Atlantic Classical Orchestra: Behind the Curtain Series

Join ACO musicians for a very special education program that breaks down the process of putting together a chamber concert. Held in January, February, and March, these sessions provide a unique learning experience of how these professionals prepare individually, and how they work together (without a conductor!) to bring some of the most beautiful music ever written to life. Each session includes a Q&A and ends with the performance of one piece from their entire program. 

Seating is limited. Event is free of charge.

This Chautauqua South event is sponsored by the Friends of the Martin County Library System, Inc.

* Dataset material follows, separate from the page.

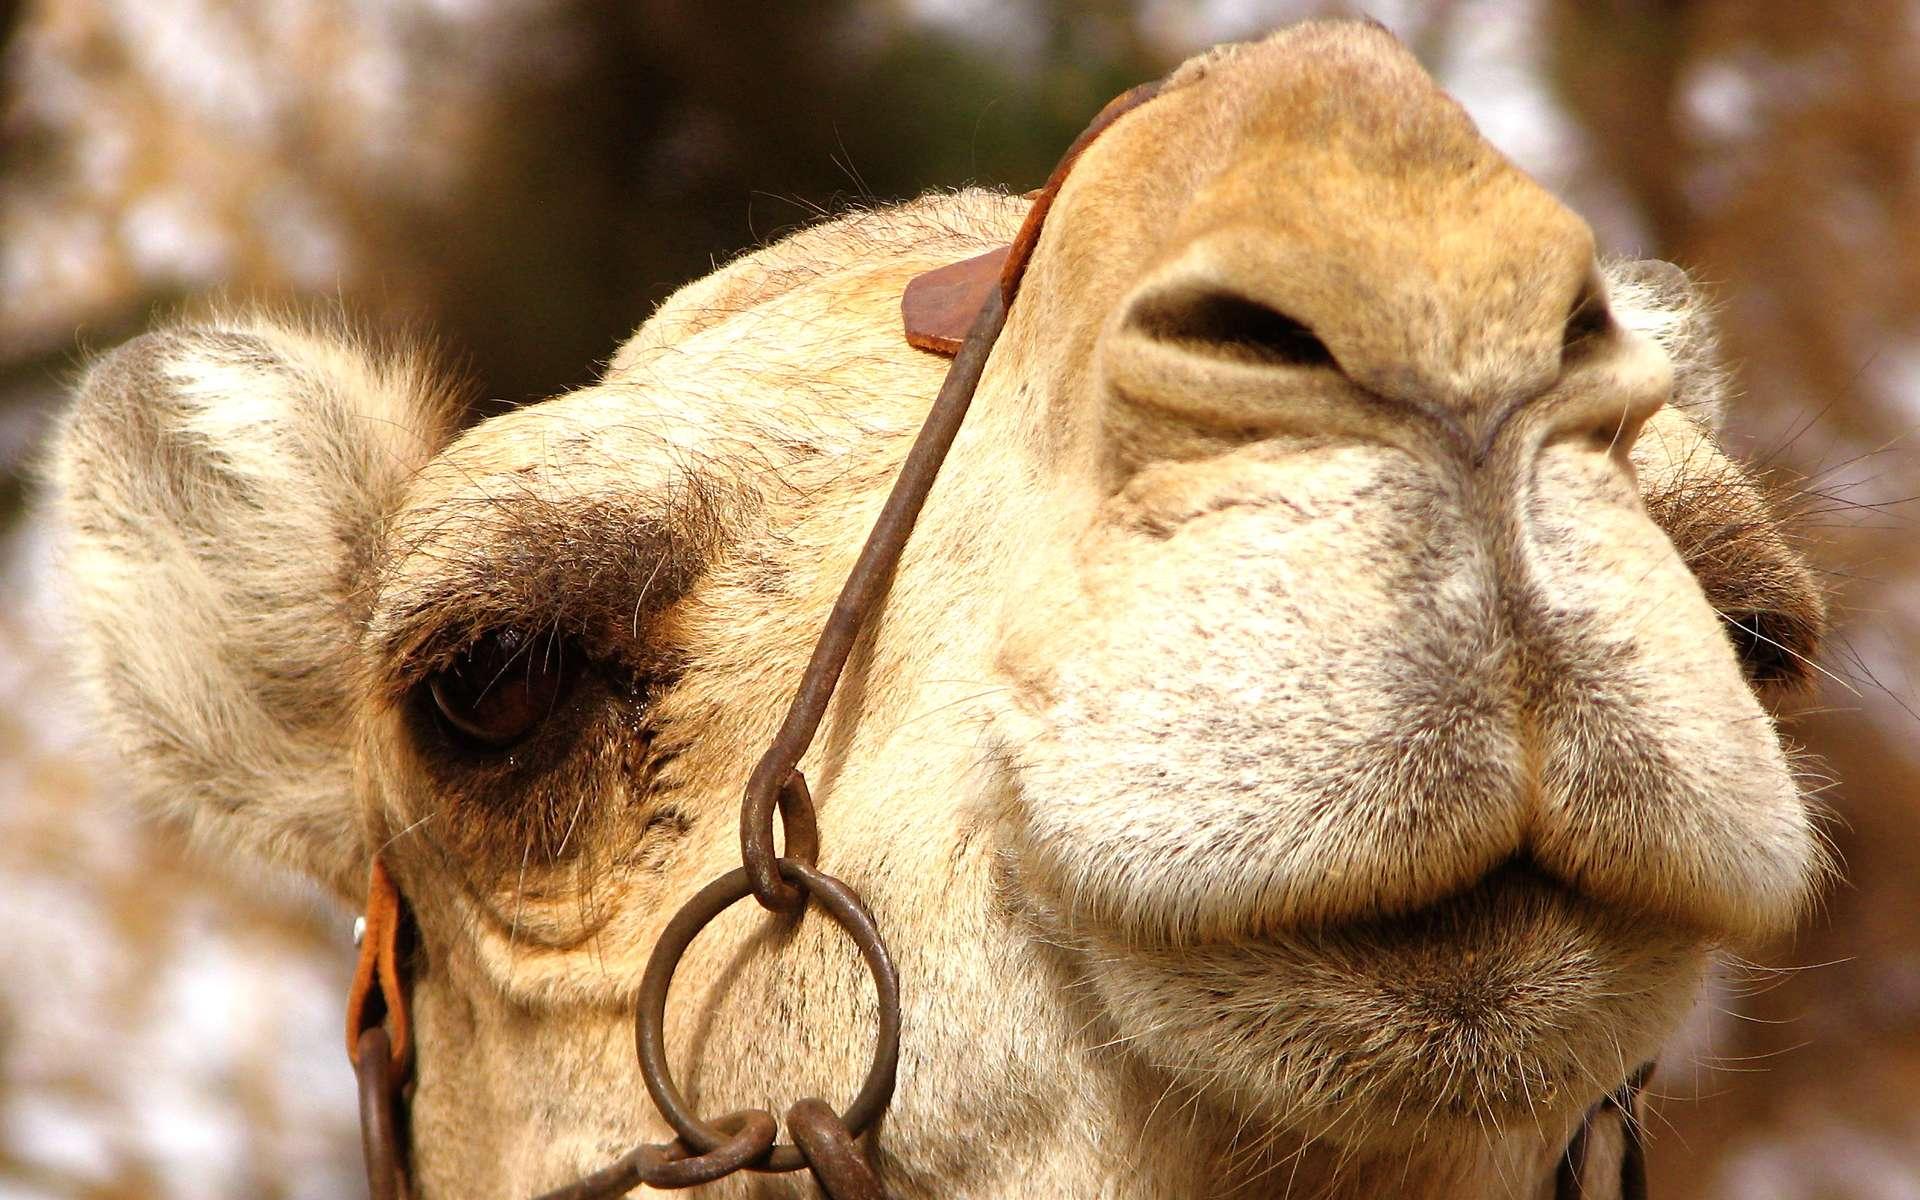 Une nouvelle maladie à prion touche les chameau en Afrique du nord. © Jennifer D, Filckr, licence CC

January 20 - 11:00am - 12:30pm

Jesse Cook, trumpet 
Beni Salvia, trumpet 
Stan Spinola, horn 
Tim Conner, trombone
Dan Satterwhite, bass trombone, tuba 

All-American Stars 
Join the ACO Brass Quintet for a virtuoso program that ranges from Steven Sacco’s charming quintet—at turns lyrical and boisterous (ending with a mambo), to excerpts from Gershwin’s groundbreaking, and era-defining opera Porgy and Bess. Opening the concert is a mid-century gem by legendary horn virtuoso Verne Reynolds. 

February 17 - 11:00am - 12:30pm

Intimate Portraits . Strings Program

Leonid Sigal, violin
Anna Ivanova, violin 
Christopher Gladsdorp, cello

Music of Viennese master Franz Schubert and Czech master Bohuslav Martinů anchor this all-strings program. Schubert’s gift of melody and his distinctive harmonic sensibility have made him a favorite for almost two centuries. Martinů’s music is ever-changing, diverse, novel, and engaging. His Madrigals, written for our own Maestro Amado’s grandmother, is a show-stopping virtuoso work showcasing just how dynamic two string instruments can be.

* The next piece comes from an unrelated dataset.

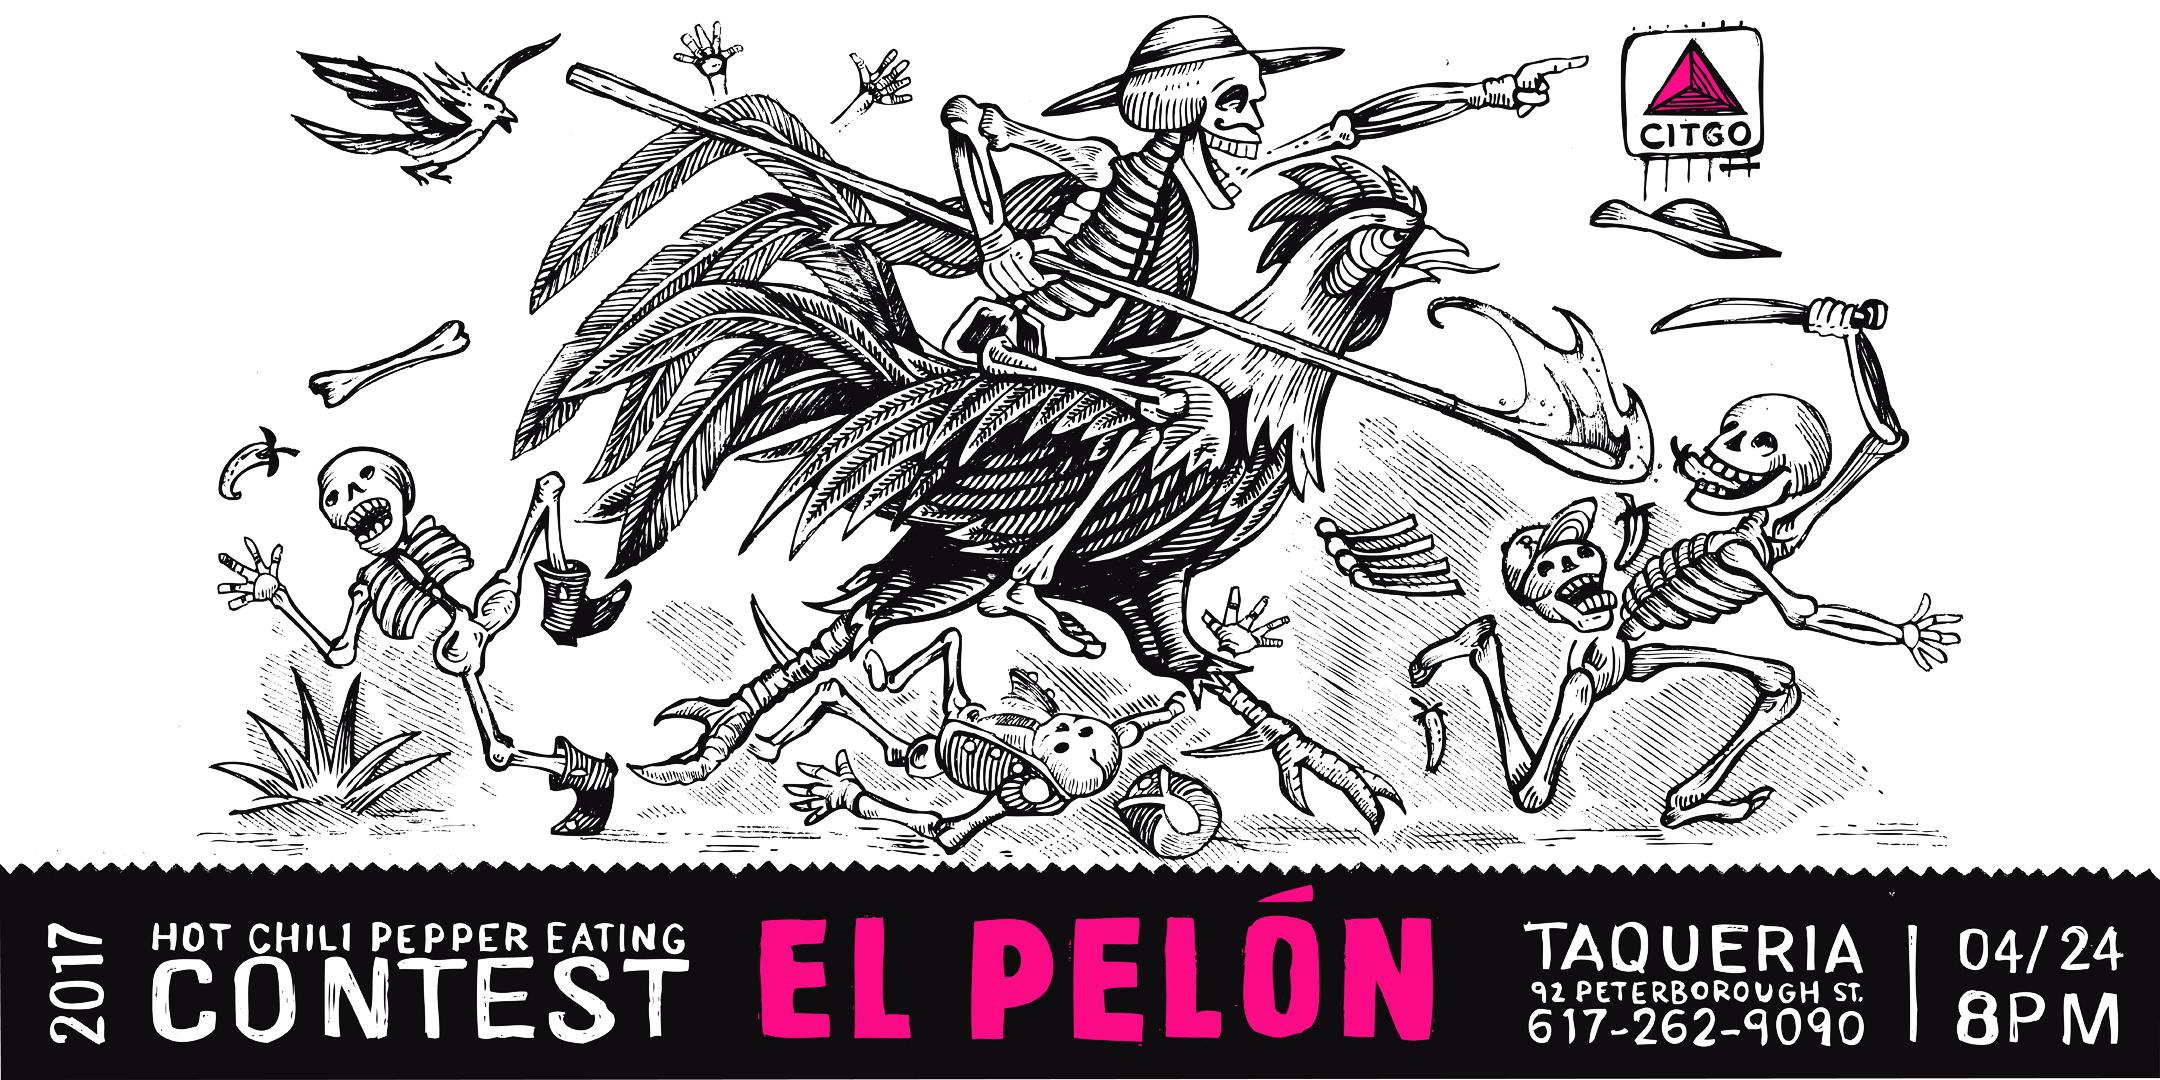 El Pelon Pepper Contest 2017

March 16 - 11:00am - 12:30pm

The Flute Summons . Flute Quartet

Christina Apelgren, flute
Aleksandr Zhuk, violin
Kaitlin Seto, viola
Ashley Garritson, cello

The flute has been around from the ancient Egyptians and mythological satyrs to shepherds and Janissaries – it is an instrument loved for its pure, sweet sounds, its agility, and its singing nature. Mozart and Beethoven exploit these qualities in two works putting the flute front and center.